**Available data**
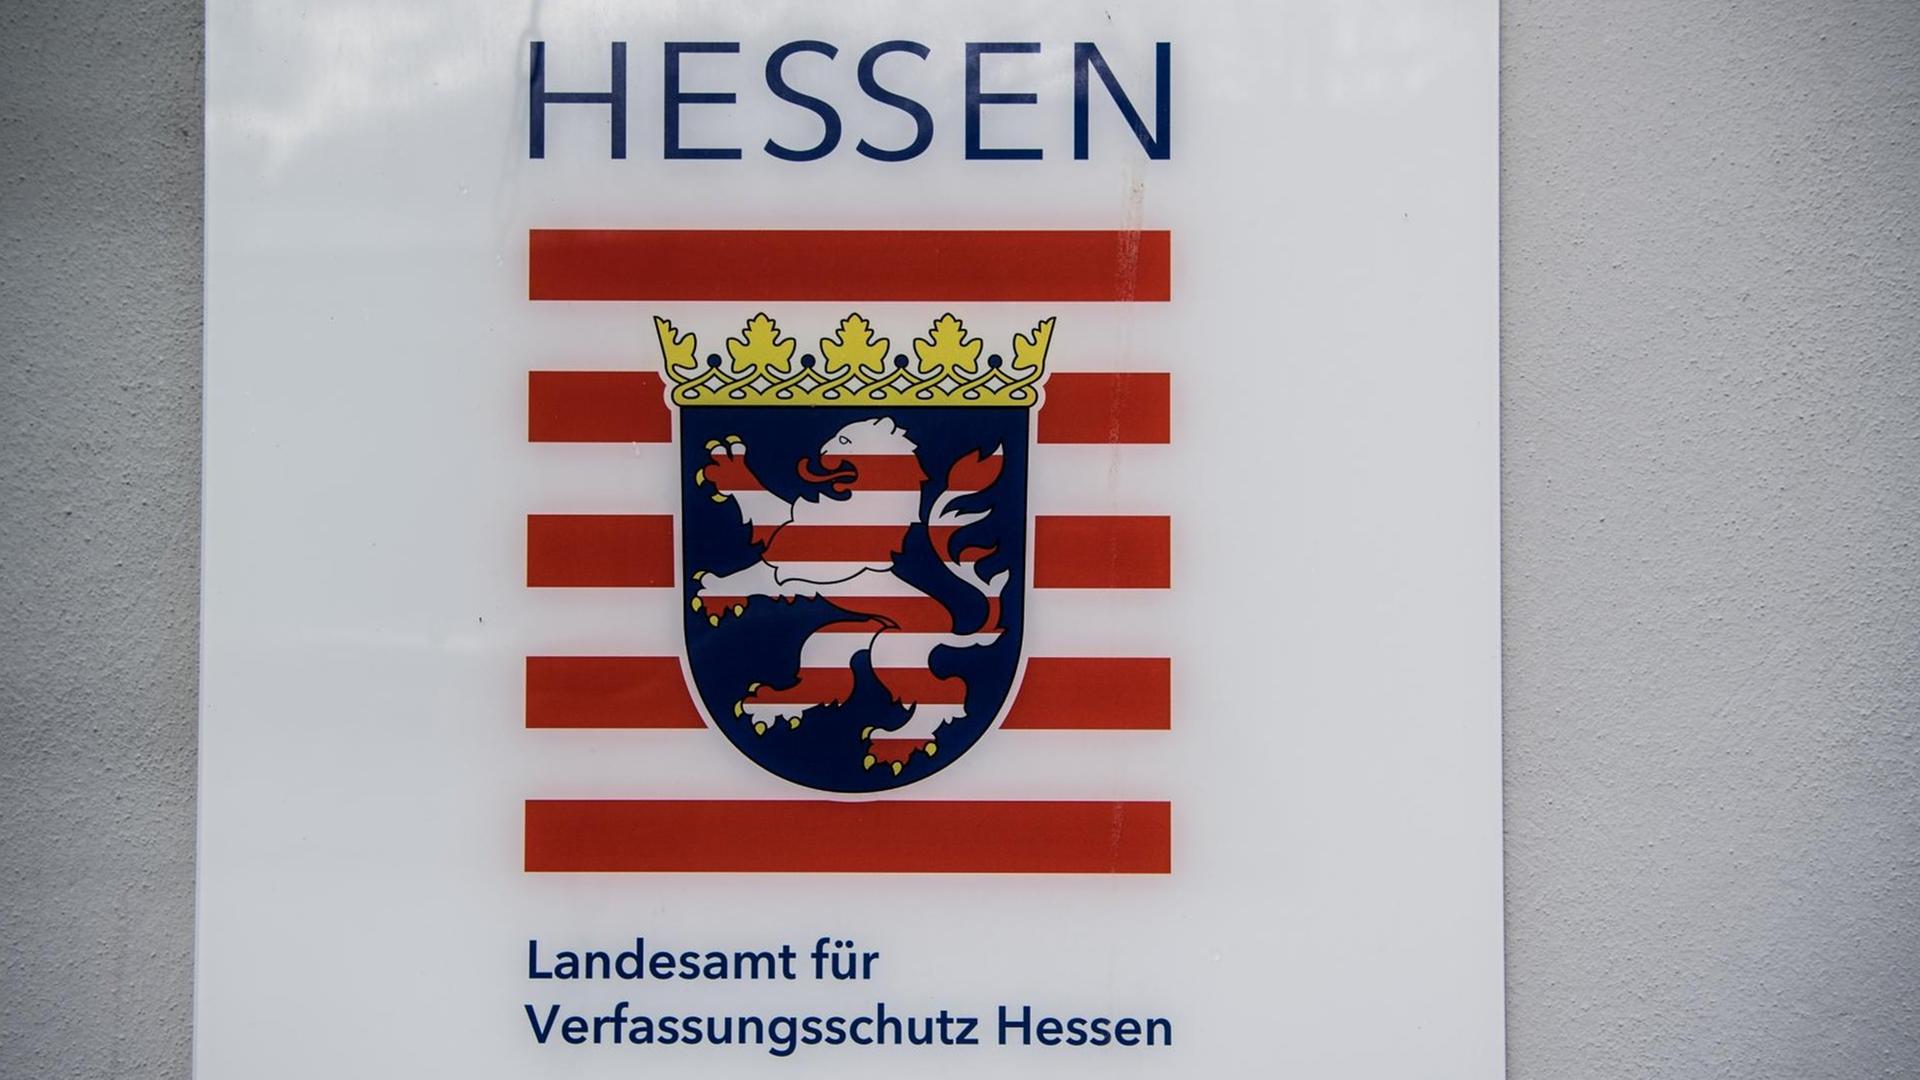 11.03.2019, Hessen, Wiesbaden: Das Schild "Landesamt für Verfassungsschutz Hessen" ist an einem Gebäude angebracht. Foto: Andreas Arnold/dpa
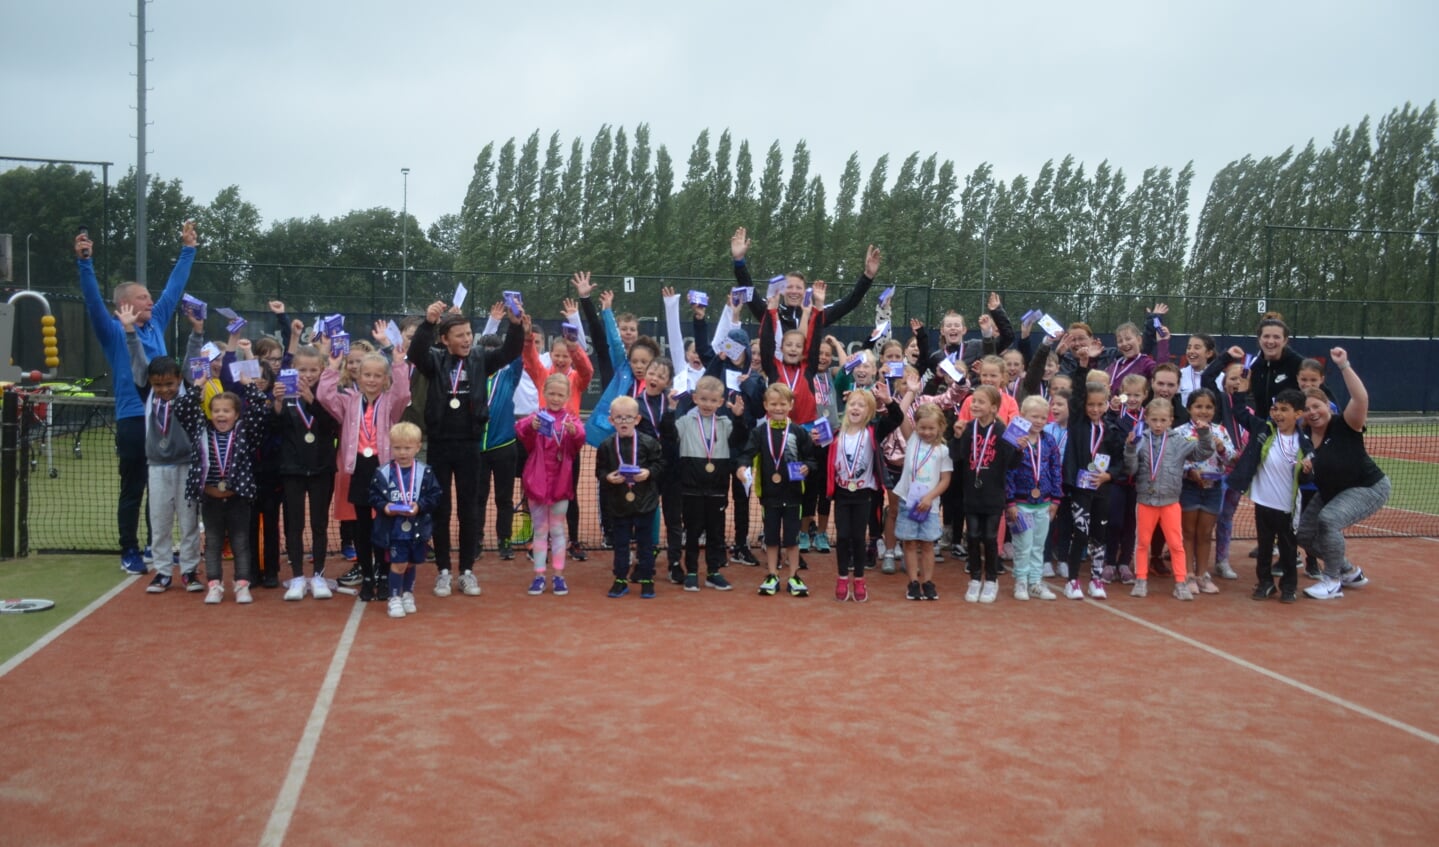 De jeugd had plezier in het tennisfeest waarmee de grote schoolvakantie werd begroet.
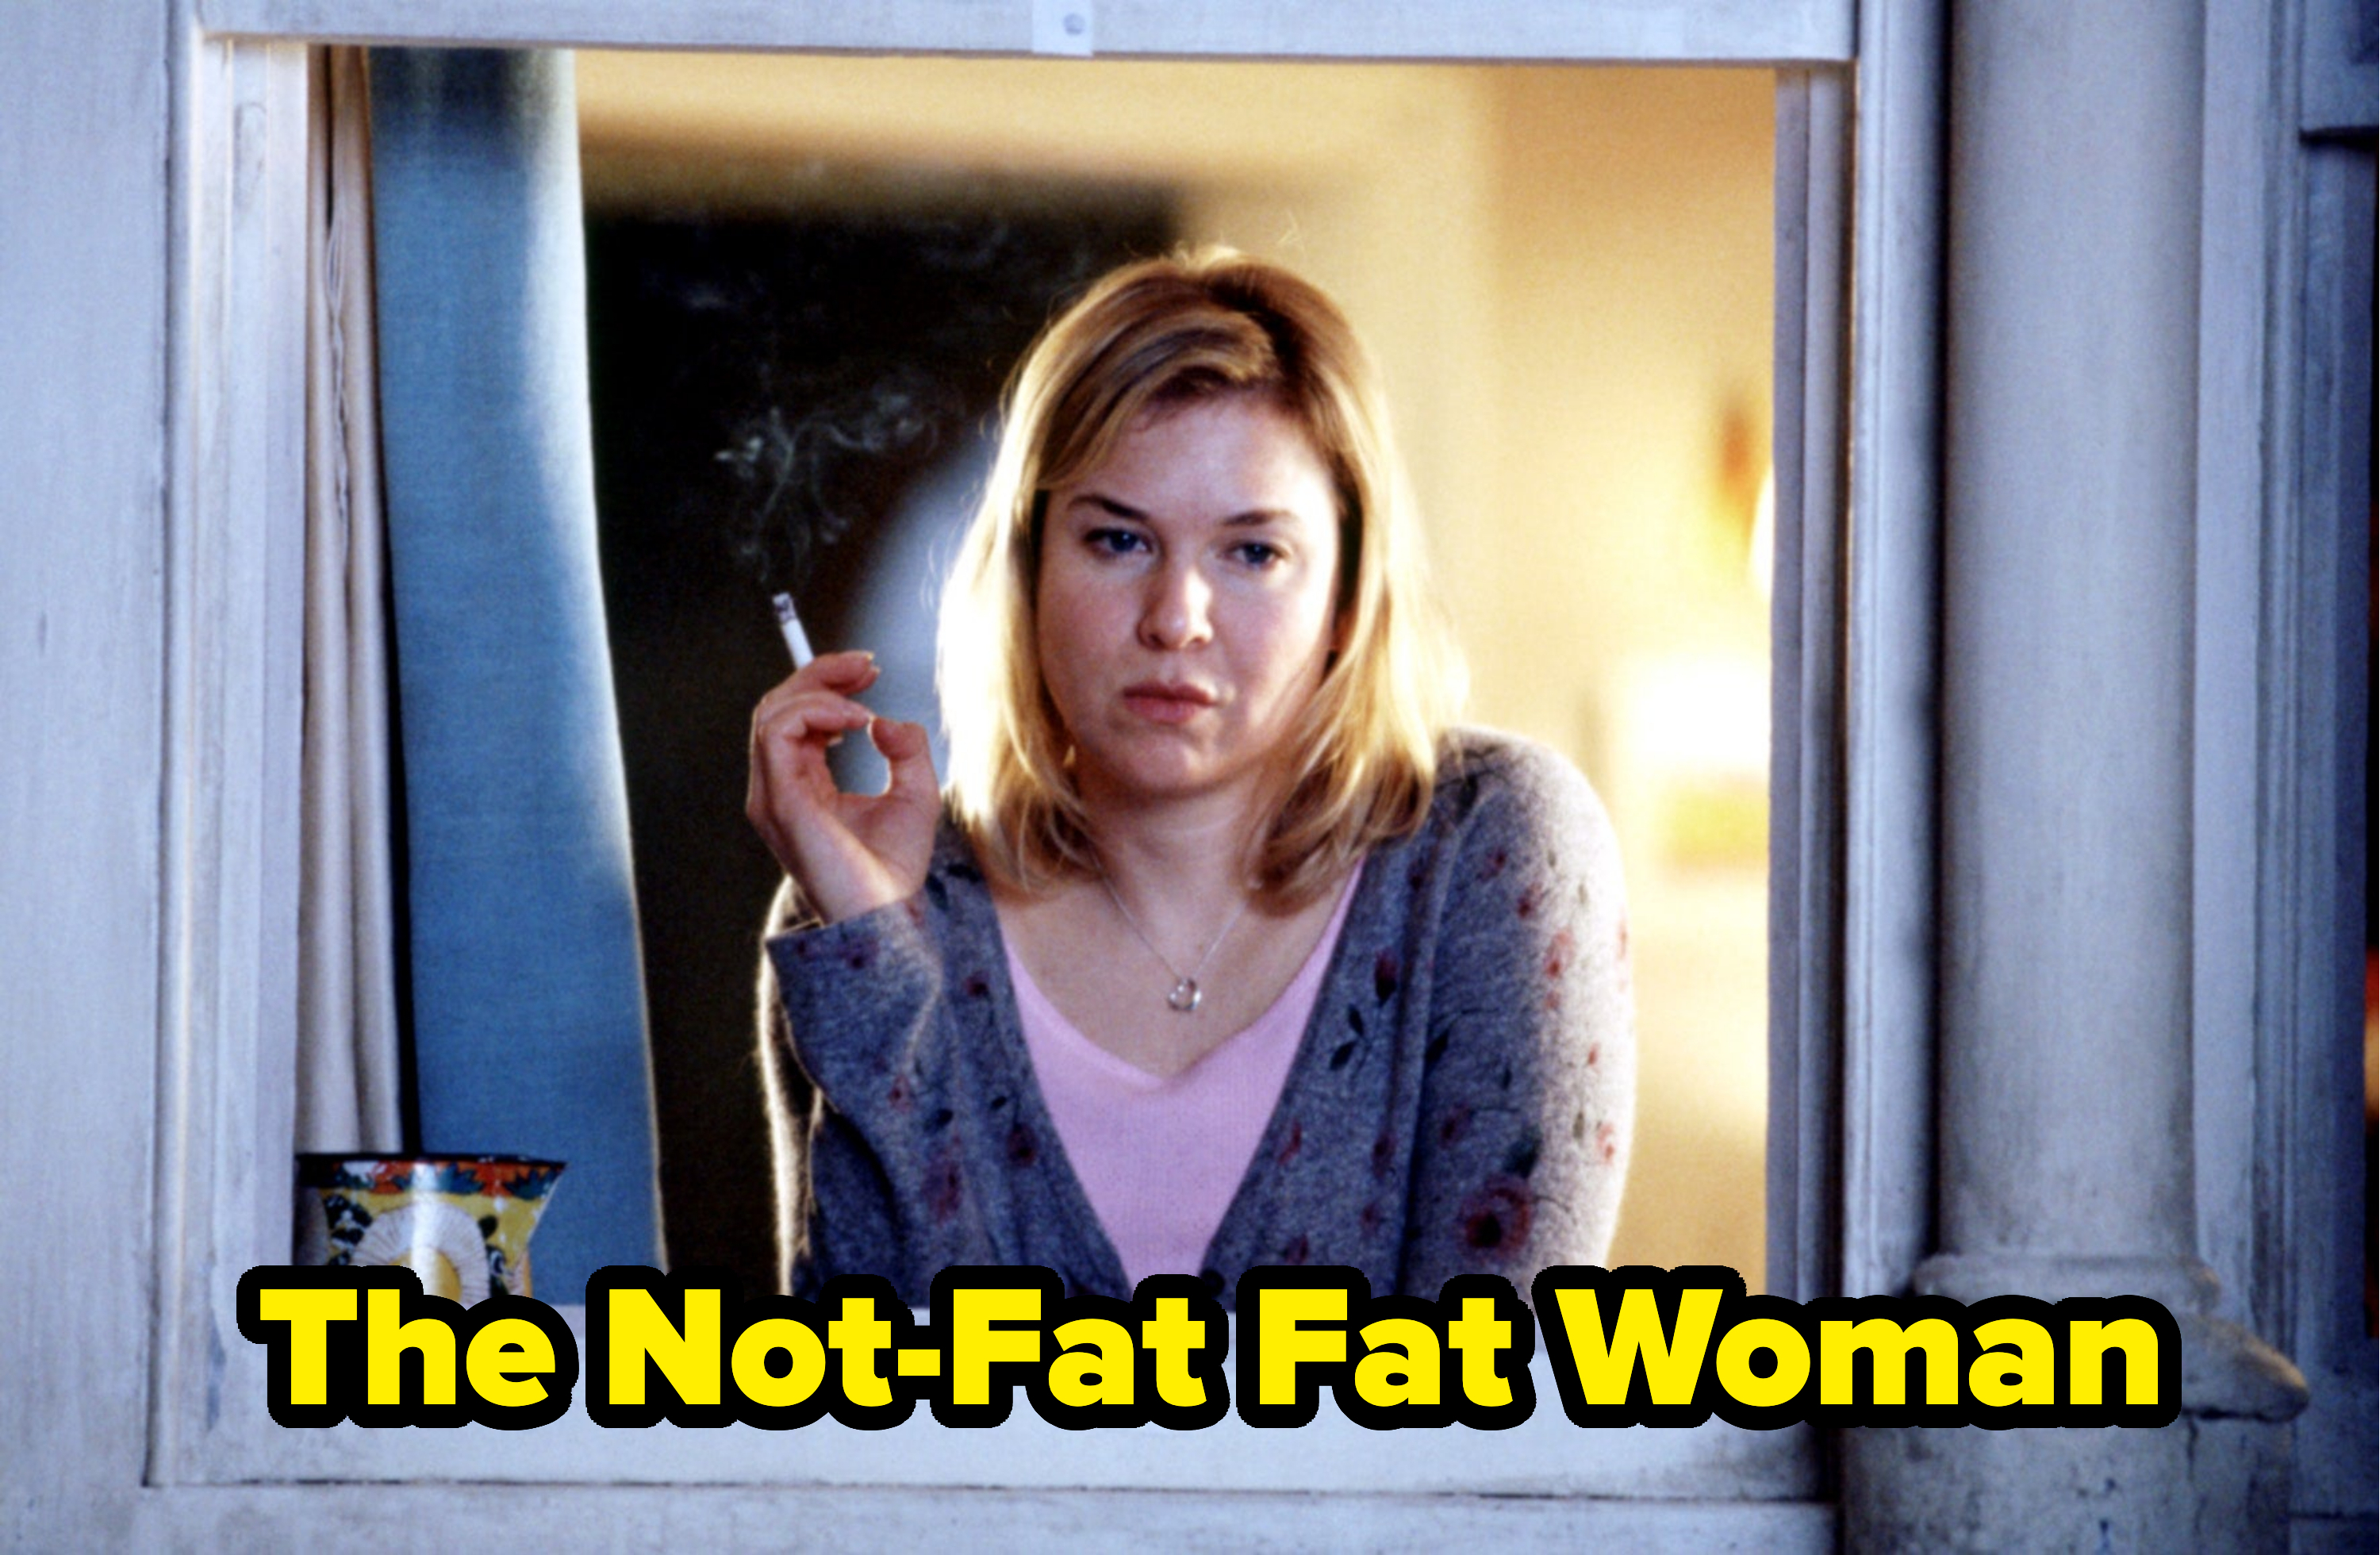 &quot;The Not-Fat Fat Woman&quot;

**What is expected**
Go through the listing above and quote it exactly, apart from its images.

**Solution for this task**
 11.03.2019, Hessen, Wiesbaden: Das Schild "Landesamt für Verfassungsschutz Hessen" ist an einem Gebäude angebracht. Foto: Andreas Arnold/dpa
 De jeugd had plezier in het tennisfeest waarmee de grote schoolvakantie werd begroet.
 &quot;The Not-Fat Fat Woman&quot;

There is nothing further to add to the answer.